Navigating Retail Real Estate in a Digital First World

Published on August 8, 2023

By Bill Kistler and Michel Zalac

Consumer experience guru, Ken Hughes recently shared insights on the psychology of consumption with urbanOvation members. In a brilliant and provocative conversation he explored why and how people buy what they buy and crucially how changes in their behaviour will affect retail and place making.

Disruption - Get used to it!

Ken set the stage with a whirlwind survey of the disruption that started the decade. From fires in Australia and Covid lockdowns to a ship stuck that disrupted the global supply chain followed by a war in Ukraine and a tragic earthquake. The idea that the disruptive pressures on business, brands and retail will plateau is wishful thinking. There is no ‘New Normal’, we are in an era of “Never Normal”. The saying “Change is the only constant” has never been more true!

In the last decade technology was disrupting retail real estate. The last two years a flock of “black swans” just means we need to adapt even faster. Disruption is the foundation of opportunity. Ayrton Senna, the great Formula One racer, sums this up nicely; “It's very difficult to pass 15 cars in the sunshine but easy in the rain”. Preparing for challenging times requires agility. If you've got your wet tires on you can pass those 15 cars. When people say “I'm scared, it seems to be all challenges”, they forget that on the other side is opportunity.

Deep Connection

The pandemic disconnected us from friends, family and work. Whatever job your business is to connect with your customer. More powerful customer connections mean more customer lifetime value. Retail places need to make an emotive connection with customers. Forming meaningful connections with them demands understanding their values and putting them at the heart of the places we create. What is scarce or becomes more valuable. The future for retail and place making is about depth of connection.

Brené Brown, a relationship guru, defines connection as the moment when someone feels seen, heard and valued. Do most consumers visiting a store or restaurant feel seen, heard and valued? We need to move away from customer experience towards customer intimacy where we foster a sense of closeness and the experience becomes a relationship with the customer who then sells your product for you.
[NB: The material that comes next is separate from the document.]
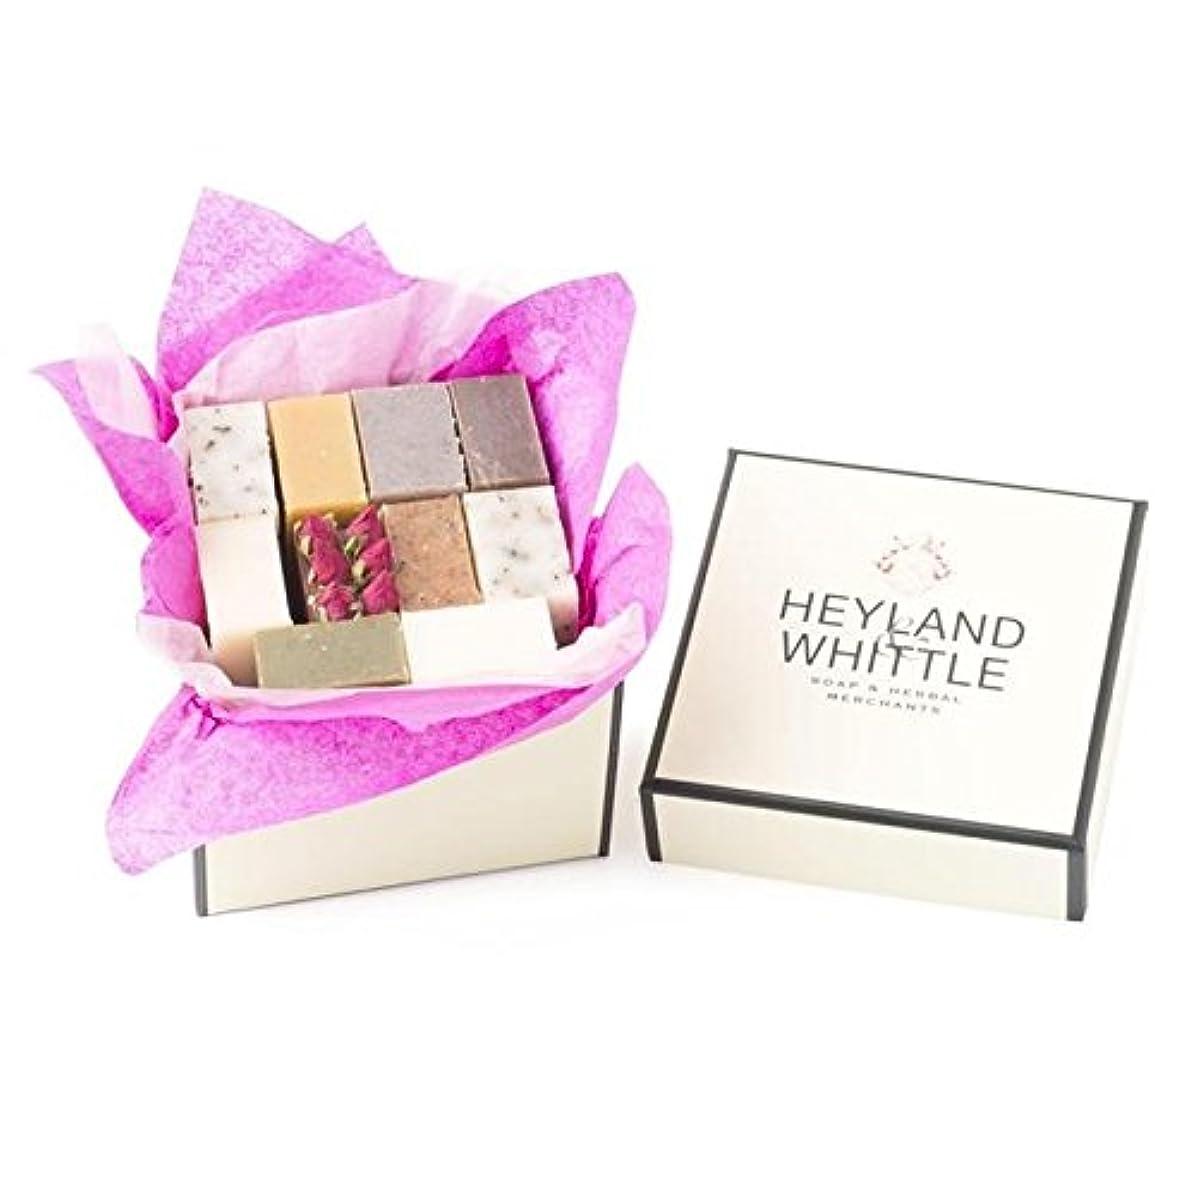 ワイドキモい次Heyland & Whittle Soap Gift Box, Small - 小さな&削るソープギフトボックス、 [並行輸入品]

Digital First - The Rise of the ‘Blue Dot’ Consumer

Once paper maps helped get us where we wanted to go. We had to first know where we were. Today the blue dot on your smart phone map solves that problem! Uber is a variation of this theme, you stay where you are and the car comes to you. Why go to the cinema when Netflix brings the movie to your couch? Why go to a bar when Tinder lets you sit at home and swipe for a mate? Buying petrol takes time and is boring so why do it when an app called “Booster” finds your car’s blue dot and brings the fuel to you, cheaper without the real estate overhead?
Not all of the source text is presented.